STATE OF WISCONSIN
LABOR AND INDUSTRY REVIEW COMMISSION
P O BOX 8126, MADISON, WI 53708-8126 (608/266-9850)

PSI IV INC, Employer

UNEMPLOYMENT INSURANCE DECISION
Hearing No. S0700045AP


An administrative law judge (ALJ) for the Division of Unemployment Insurance of the Department of Workforce Development issued a decision in this matter. A timely petition for review was filed.

The commission has considered the petition and the positions of the parties, and it has reviewed the evidence submitted to the ALJ. Based on its review, the commission agrees with the decision of the ALJ, and it adopts the findings and conclusion in that decision as its own.

DECISION

The decision of the administrative law judge is affirmed. Accordingly, PSI's clients must report their employees under their own unemployment account numbers.

Dated and mailed July 11, 2008
psiiv . usd : 105 : 8 : ER 453

/s/ James T. Flynn, Chairperson

/s/ Robert Glaser, Commissioner

/s/ Ann L. Crump, Commissioner


MEMORANDUM OPINION


The appellant seeks professional employer organization status under Wis. Stat. § 108.02(21e). At hearing, the appellant and department stipulated to the appellant's having met criteria (c), (e), and (g) of the statute. As to the remaining criteria, the commission fully agrees with the appeal tribunal's analyses thereof. Specifically, while the appellant met the remaining criteria in fact, it did not do so (save with regard to criterion (f)) under contract.

The first criterion at issue is whether the appellant has the right under contract to hire and terminate the employees who perform services for the client and to reassign employees to other clients. No clause in the contract gives the appellant that right.

Criterion (b) is that the appellant set, under contract, the rate of pay of the employees, which responsibility may include negotiations with the client and even shared responsibility. Again, the contract contains no clause allowing the appellant this right or responsibility.

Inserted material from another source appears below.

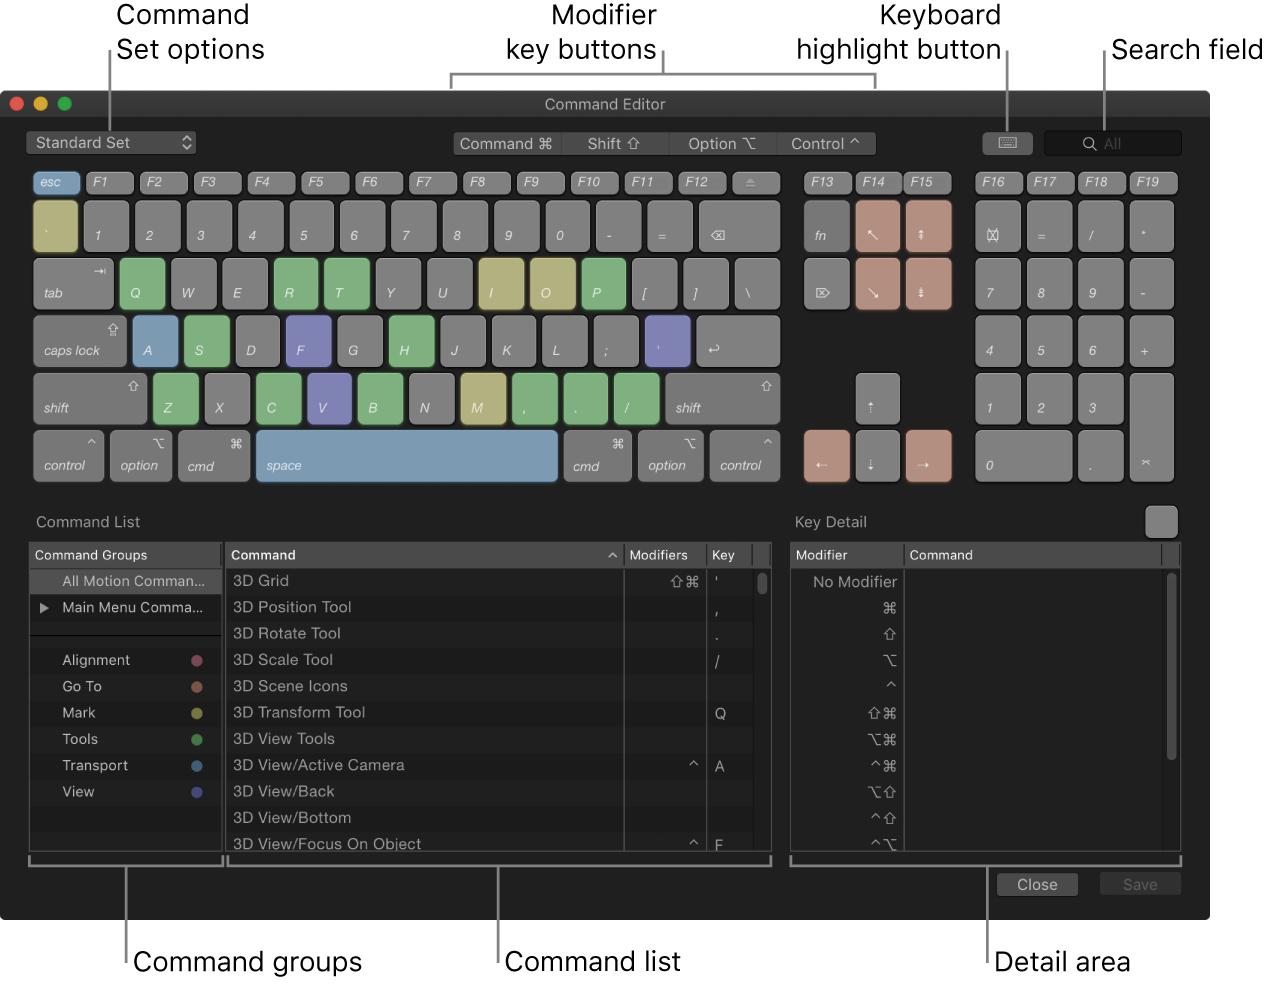 Editor de comandos con las opciones de ajustes de comandos, botones de teclas modificadoras, botón de resalte de teclado, campo de búsqueda, grupos de comandos, lista de comandos y área de detalles de teclas

The third criterion at issue, paragraph (d), is that the appellant have a general right of direction and control over the employees, including corporate officers and, again, this right may be shared with the client to the degree necessary to allow the client to conduct its business and comply with regulations and statutes. The contract provides the appellant no such general direction and control, however. The most the contract provides is reservation to the appellant of direction in the areas of safety and hazard control. This is a specific area of direction and control, and not the general direction and control required by this criterion.

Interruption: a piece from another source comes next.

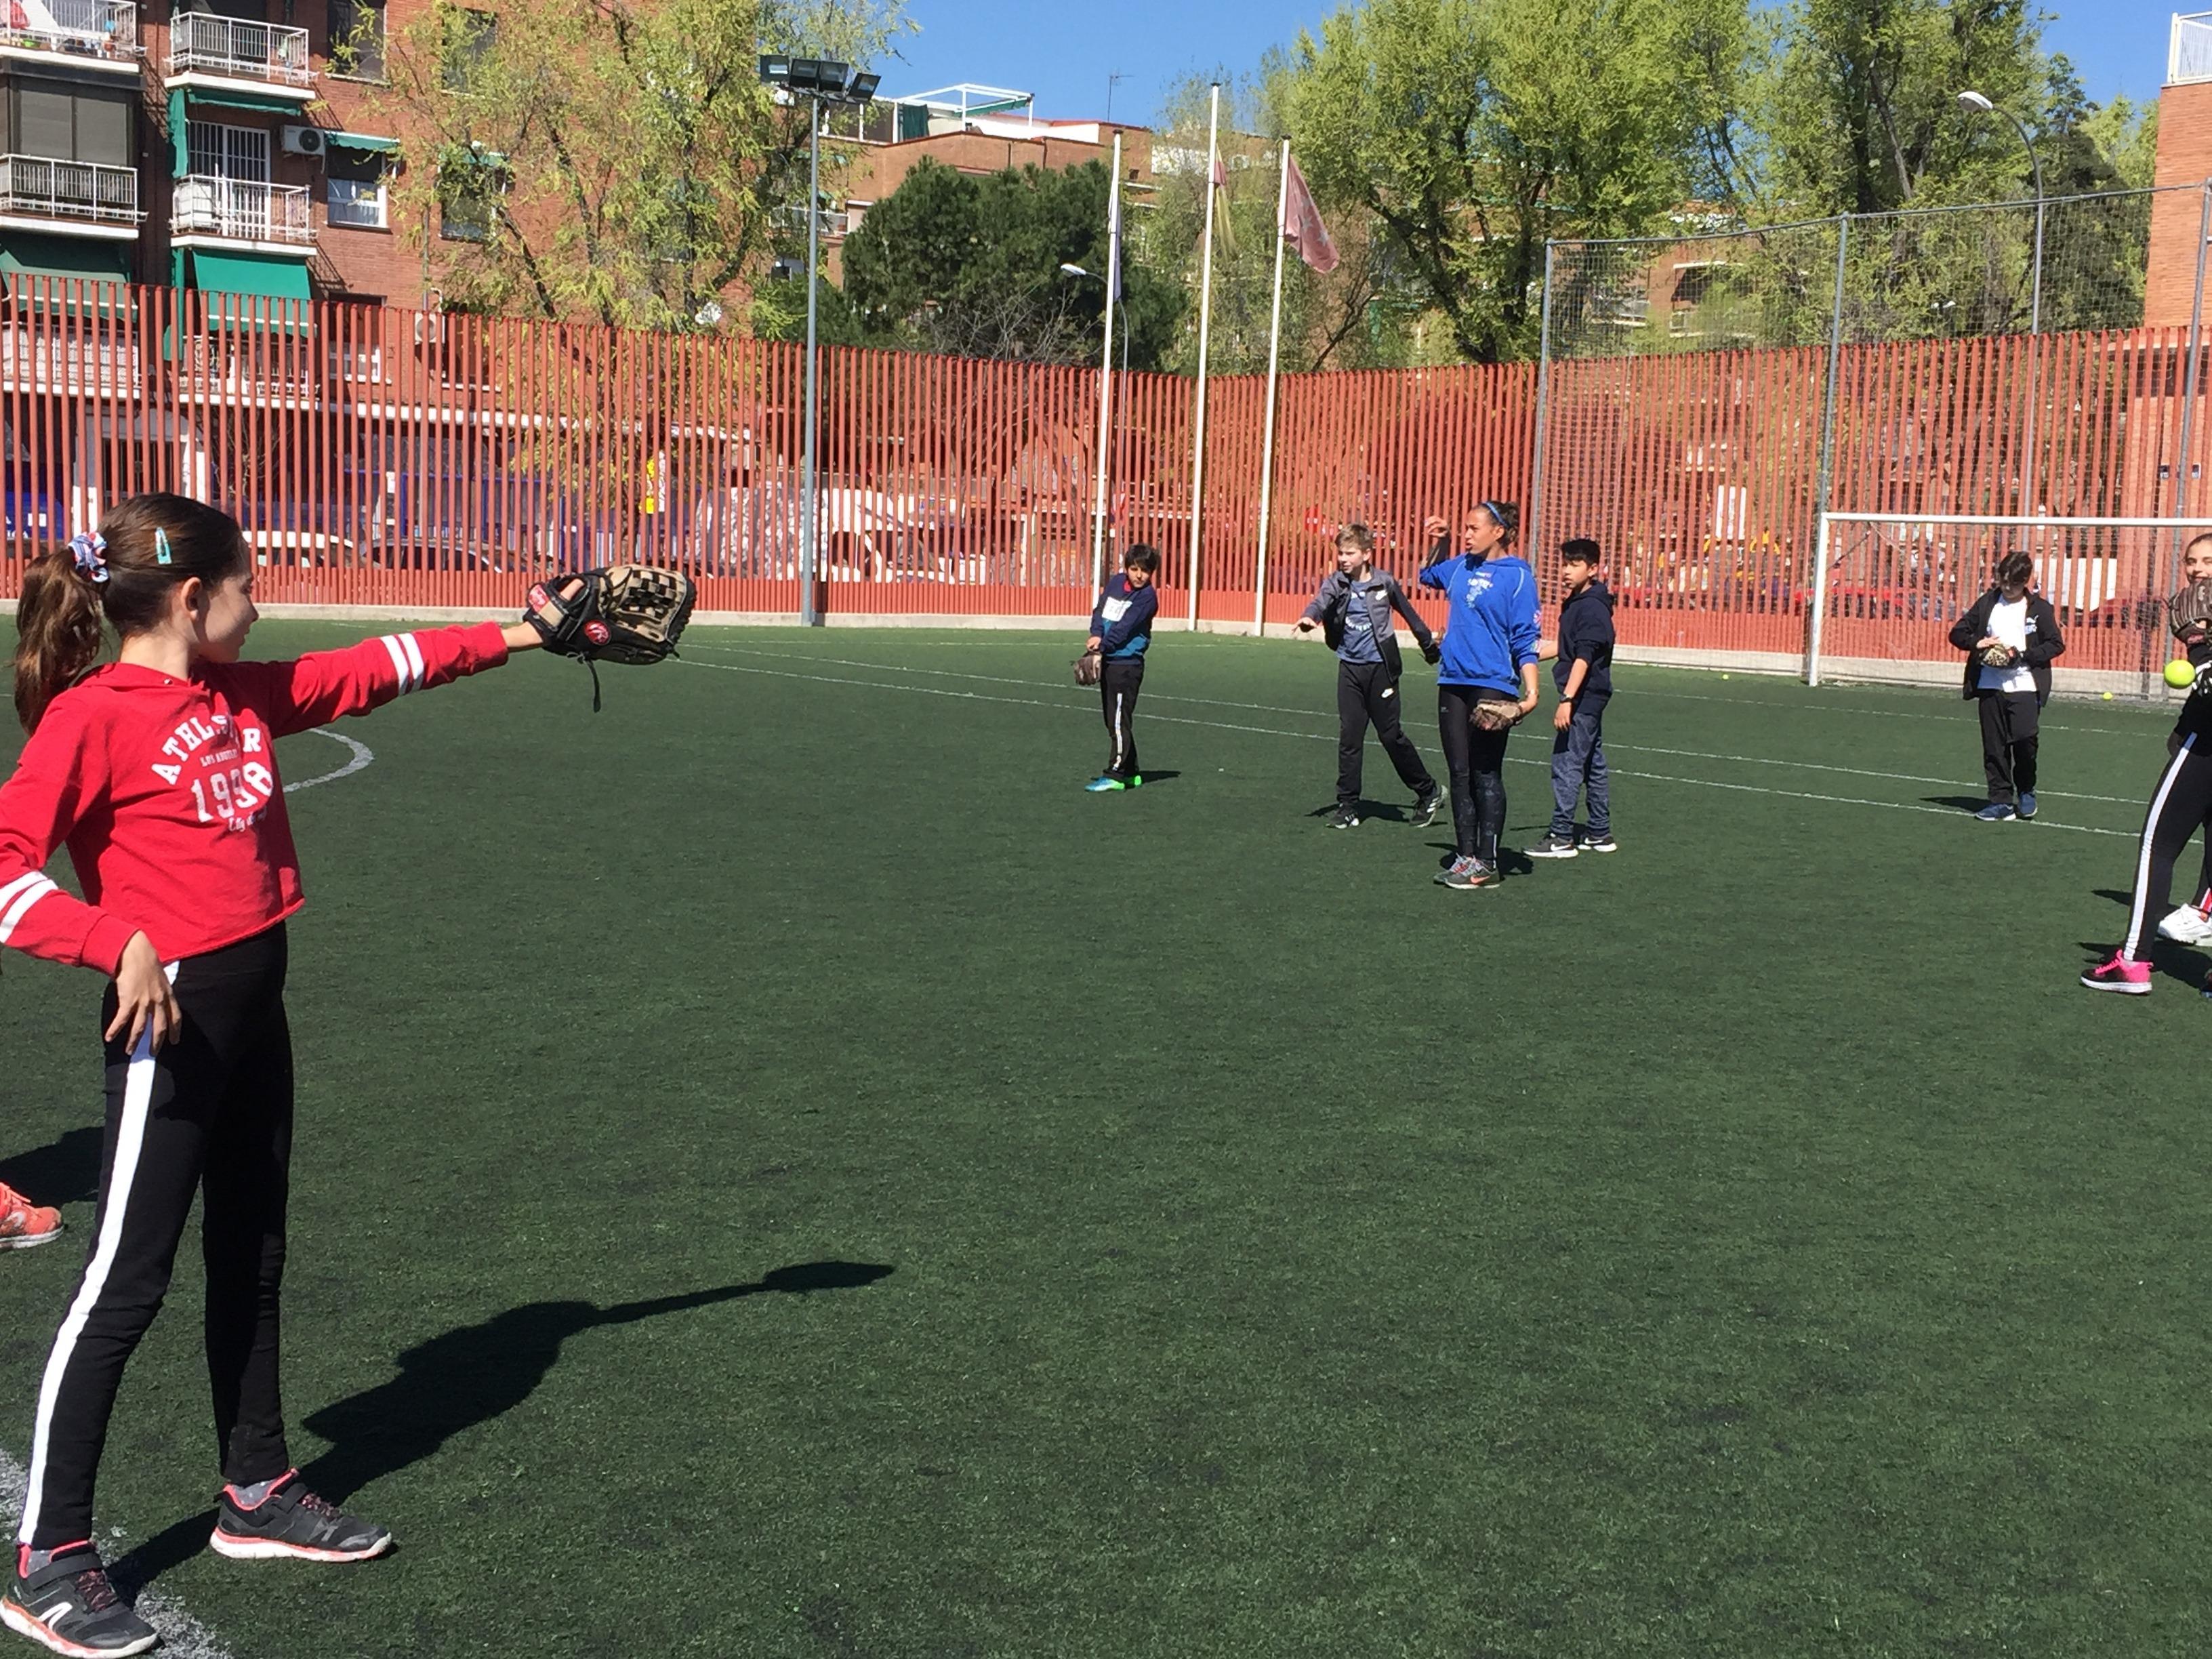 MAÑANAS ACTIVAS. Polideportivo San Vicente de Paul. 10

The appellant nonetheless argues that, based upon guidelines for interpreting contracts, the contract at issue would be read as containing the criteria at issue. In doing so, though, the appellant ignores the distinction the courts have drawn between contracts containing ambiguous language that must be resolved and contracts that are simply silent as to the issue. No one disputes that, in the former instance, contractual interpretation is both necessary and appropriate. The courts are clear, however, that in the latter situation the parties are simply bound by the contract itself: "In construing a contract, 'courts cannot insert what has been omitted or rewrite a contract made by the parties'." Columbia Propane, L.P. v. Wisconsin Gas Co., 2003 WI 38, 12, 261 Wis. 2d 70, 661 N.W.2d 776 (quoting In re Marriage of Levy v. Levy, 130 Wis. 2d 523, 533, 388 N.W.2d 170 (1986)). With regard to the above-discussed criteria, it is the case that the contract omits them and not the case that the contract addresses them in an ambiguous manner that would allow the construction the appellant seeks.

The commission agrees with the appellant, however, that the contract meets criterion (f), that the appellant have the obligation to establish, fund, and administer employee benefit plans for the employees. Paragraphs 6 and 7 and Schedule B of the contract address various employee benefit plans and require appellant establishment and administration thereof. In response, the department points to a contract provision requiring the client to be responsible for administering, funding, and accurately determining eligibility for certain paid perquisites including certain employee benefit plans. The commission reads this provision to go more to the client's responsibility to keep track of employees' use of vacation and sick leave, for example. As such, that provision is not inconsistent with other contractual provisions obliging the appellant to establish, fund, and administer employee benefit plans.